Соседка тихо рассмеялась. В ее смехе была такая страшная безнадежность, что Тайка мгновенно поняла, как она попала.

– Будь осторожна,  – предупредила ее сероглазая , – а то переведут в S2. Мы в Санаториуме S1 и это рай. В S2 сразу убьют твой мозг, а тело будут убивать очень долго...

               Они хотели высосать из нее все, что им было нужно. Для стимуляции яичников ее заставили пить гормоны и ей раздуло шею. Когда она проглотила воду, а таблетку схоронила за щекой, это заметили и на следующий день ей стали делать инъекции. Раз в месяц забирали яйцеклетки. Часть из них криоконсервировали, часть оплодотворяли сперматозоидами мужчин с высокой концентрацией аэрогенов. За деньги детей вынашивали суррогатные матери-скваи, а после рождения малыши попадали в интернаты Братства.  Сероглазая рассказала Тайке что так намного эффективнее. У каждой женщины забирают несколько фолликулов  в месяц. Часть из них конечно погибает, но три-четыре пригодны для оплодотворения.

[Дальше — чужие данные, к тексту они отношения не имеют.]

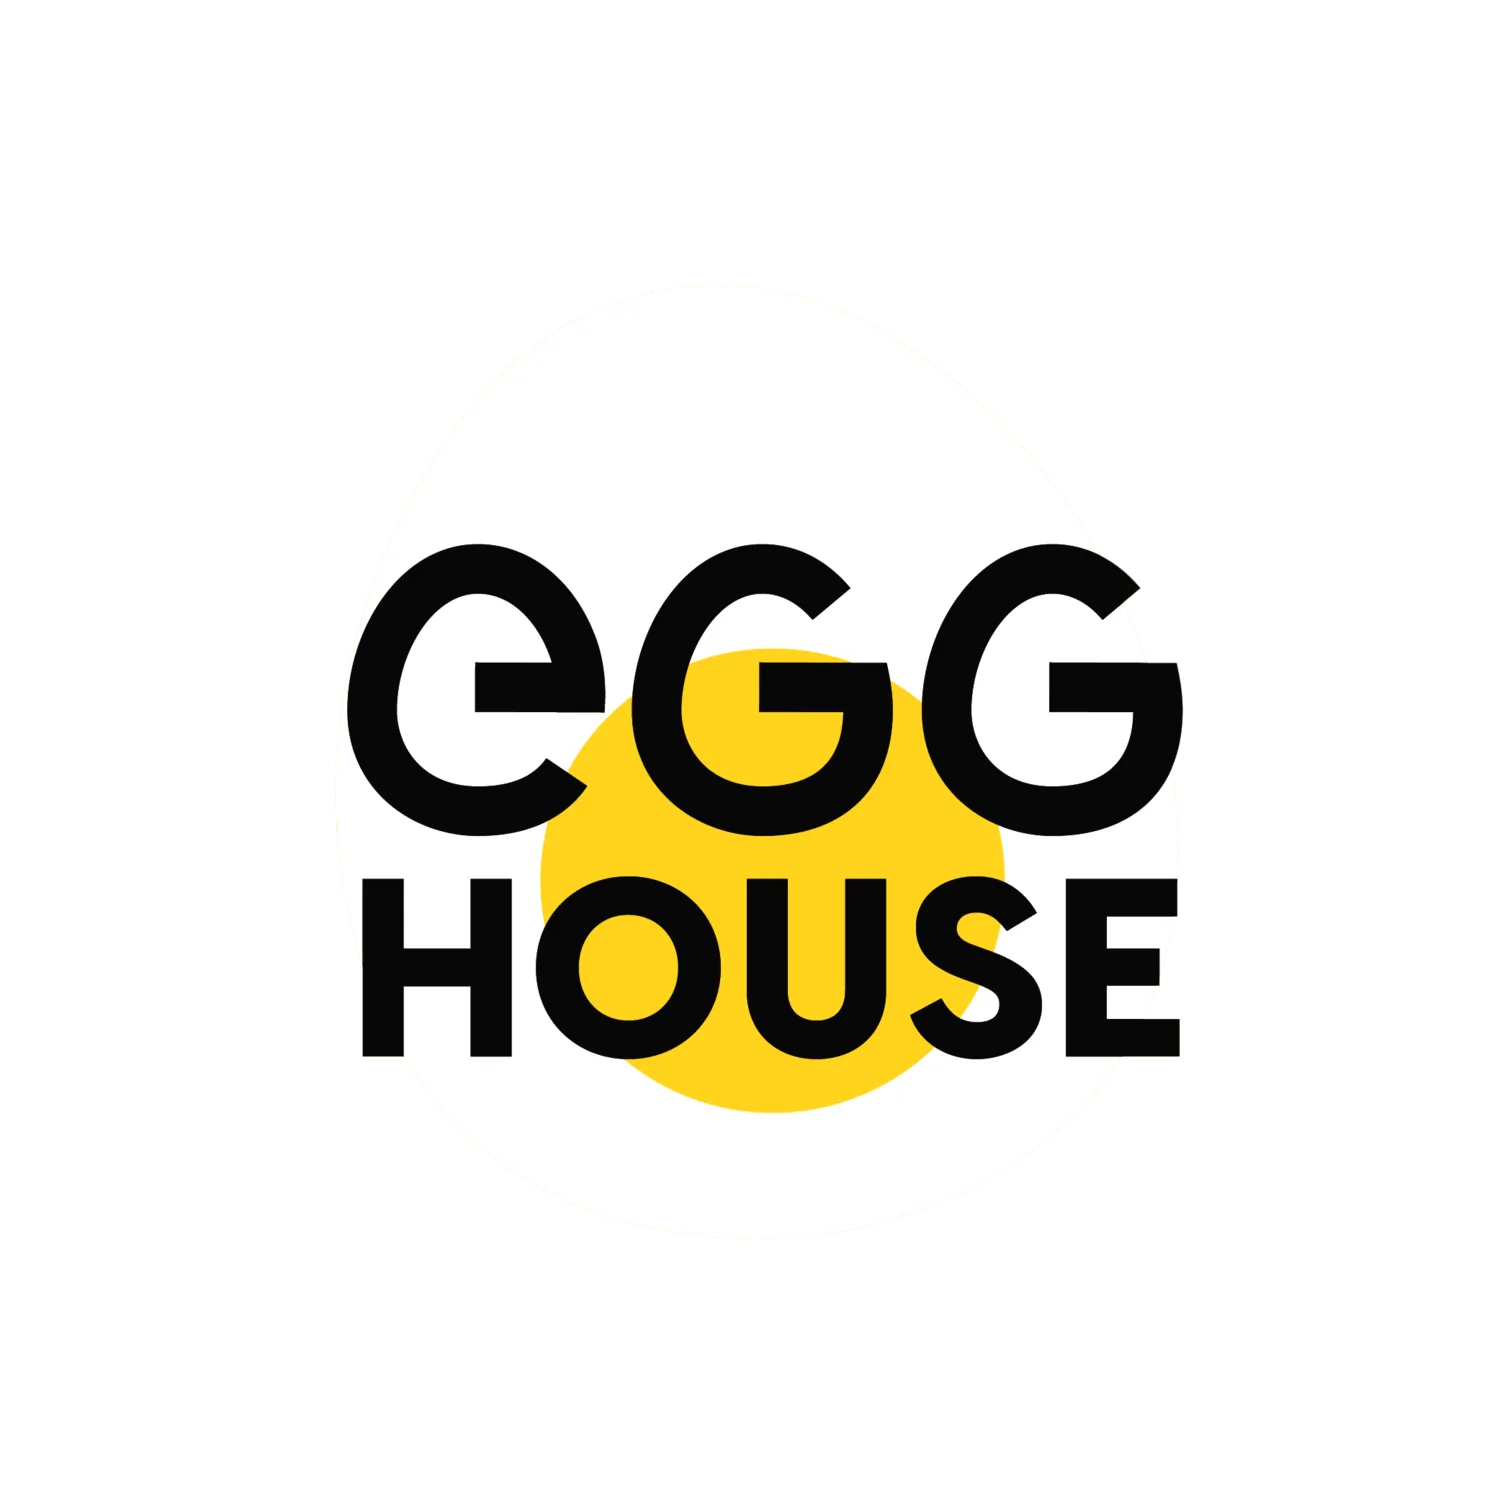 THE EGG HOUSE

Это три -четыре эмбриона.  Каждая женщина здесь является донором примерно десяти-двенадцати аэродетей, рожденных в один год.  Тайке было наплевать на эффективность программы, здесь ей было плохо. Даже дома ей было тяжело усидеть на месте и она постоянно шлялась. Унаследовала это от своего отца, который неделями пропадал в тайге. Да и она сама часто ходила с ним то на рубку, то на охоту. В колонии, когда сидела за кражу,  она чуть не сдохла. Стояла у забора и мечтала о свободе. Знай она тогда что так легко можно было через него перемахнуть. Залезть на крышу столовой, опрокинуться на спину вниз и только бы ее и видели. И вот теперь она опять взаперти, только за большие деньги. Двадцать четыре миллиона не стоили ее молодой жизни.

               После  многих просьб и скандалов ее наконец отвели к директору Санаториума. У нее был плохой английский и русская девушка  помогала переводить. Тайке объяснили, что сделать уже ничего нельзя, подписав контракт, она должна находится здесь до истечения его срока.

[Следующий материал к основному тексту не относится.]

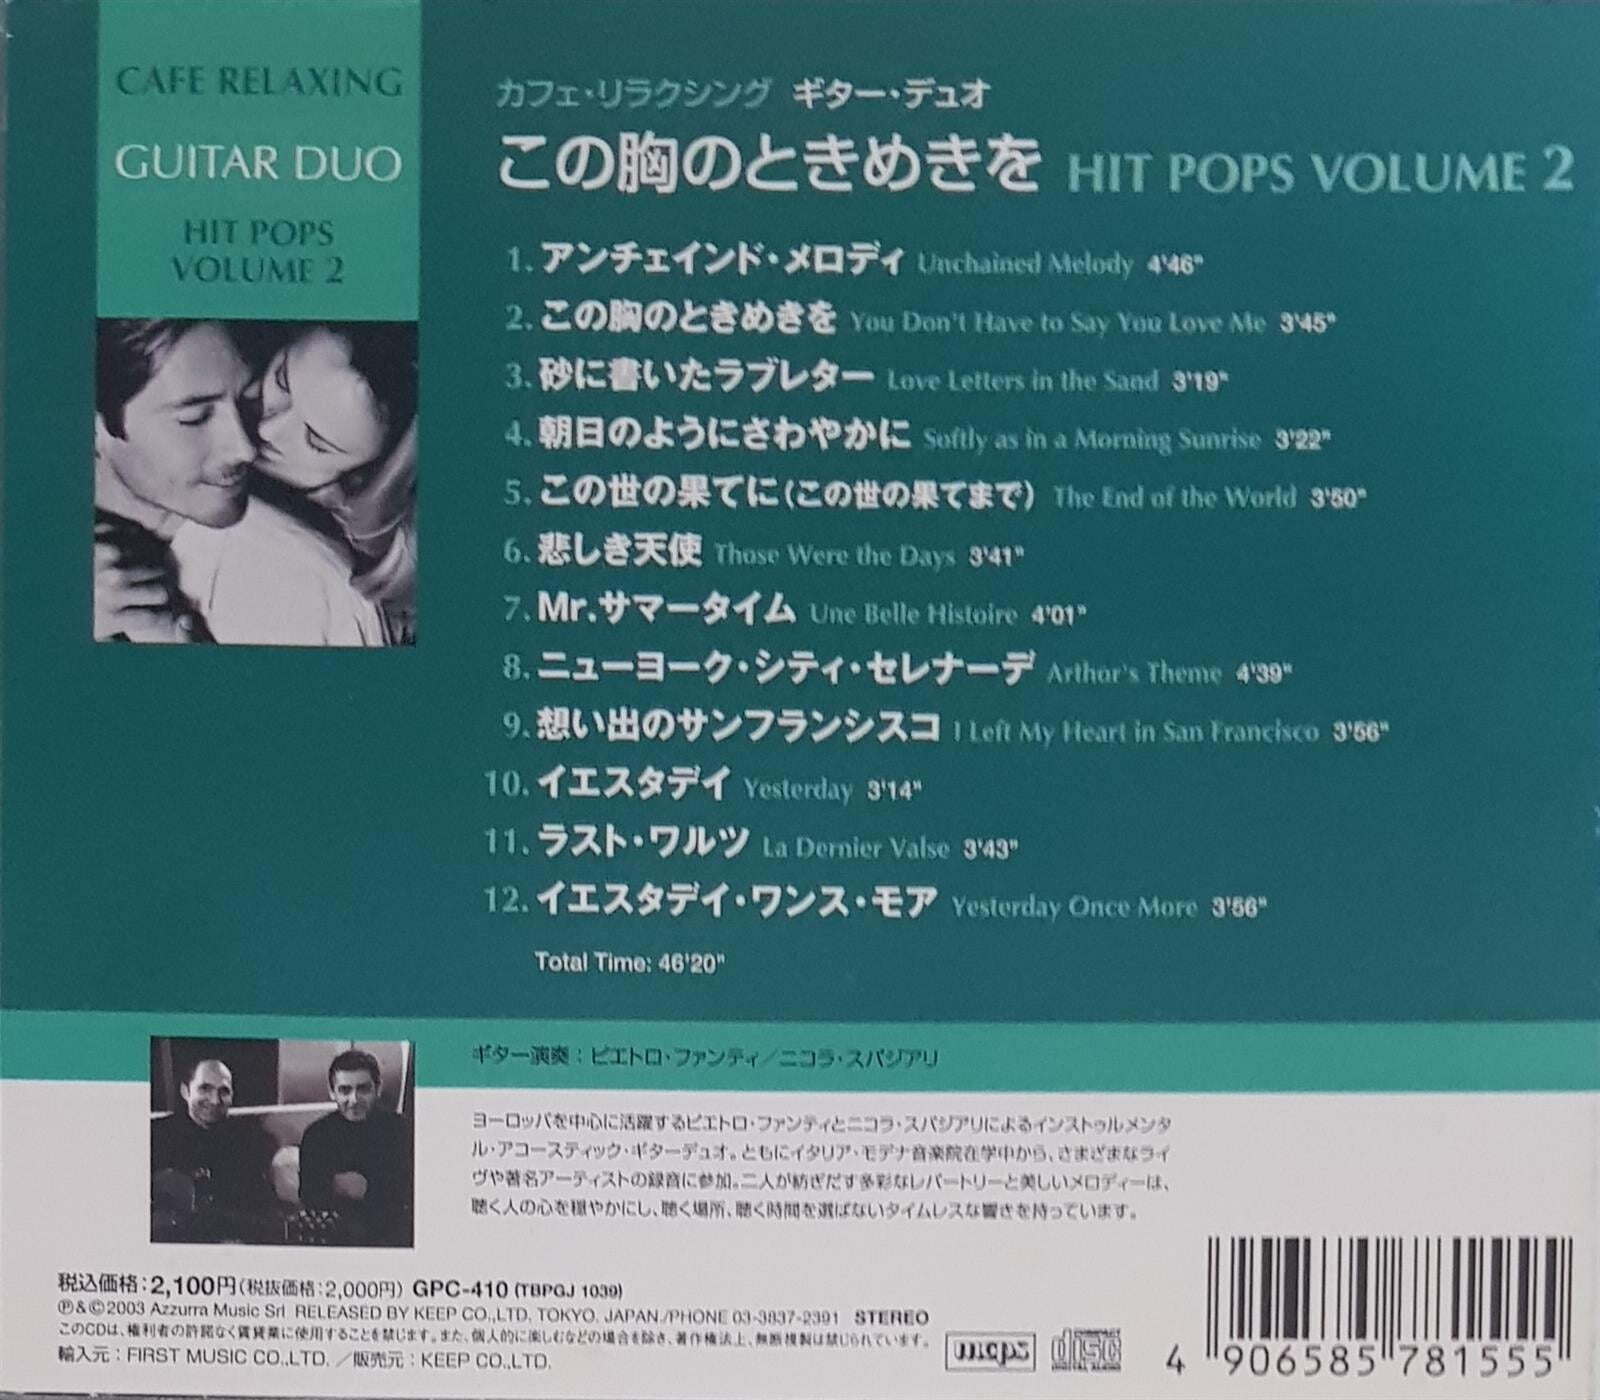 [수입][CD] Pietro Fanti, Nicola Spaggiari - Cafe Relaxing Guitar Duo: Hit Pops Volume 2

– Вот суки! – сказала Тайка и обернулась к Сероглазой.

Та промолчала. Тайку прорвало и все, что услышал директор после, тоже осталось непереведенным. Она трясла перед ним указательным пальцем, а так как он ничего не понимал, плевала ему на пиджак.  Сероглазую сразу вывели и вместо нее появились двое мужчин, которые схватили Тайку под руки и поволокли к выходу. Она вцепилась зубами в запястье одного из них, но почувствовала страшный удар по голове и потеряла сознание. Очнулась в маленькой камере два на два. Три недели ее держали на воде и варенном турнепсе. Окошко в двери открывалось один  раз в день. Спала она без матраса, на прогнившей от сырости доске. Подкладывала туфли под голову и обнимала себя руками, чтобы согреться. Наверное для других это было серьезным испытанием, но Тайка была закаленной и относительно легко перенесла наказание. Осень и зима прошли тихо, сжав зубы она делала все, что от нее требовали. Теперь она все больше молчала, ела за троих и набиралась сил. В середине весны, когда потеплело, она до обморока избила медсестру и забрав магнитную карточку и униформу выбралась на наружную открытую стену. Годы, проведенные в сибирской тайге спасли ей жизнь. Три недели она ела ягоды и лягушек, собирала птичьи яйца. В мае высохшая и черная вышла на трассу, ведущую в Хельсинки.

               Она почти добралась до дому,  но в Новосибирске ее встретил Когль. На платформе, когда она слезла с подножки, он чуть не вырвал ей горло, а два вежливых парня из ОЭР завели ее в другой, отбывающий в Москву поезд.  На второй день ей удалось запереться в туалете. Дверь Когль открыл сразу и за ногу потащил Тайку по длинному проходу. В купе, когда она поднялась и села на лавку, он сказал : Очень сожалею. Они все были очень хорошо воспитаны, делали ей больно, и тут же извинялись. В Москве, перед самолетом  они заночевали в гостинице. Когль заказал ей ужин в номер, а вежливые парни отсыпались в соседней комнате. Хмуро открыв крышки с тарелок, Когль отодвинул все в ее сторону.  Сам он поел в ресторане, пока ее сторожили другие. Тайка улыбнулась и одной большой кучей все свалила себе в тарелку. Когда закончила, подняла руки и сладко потянулась.

– Никаких манер, – заметил на английском Когль.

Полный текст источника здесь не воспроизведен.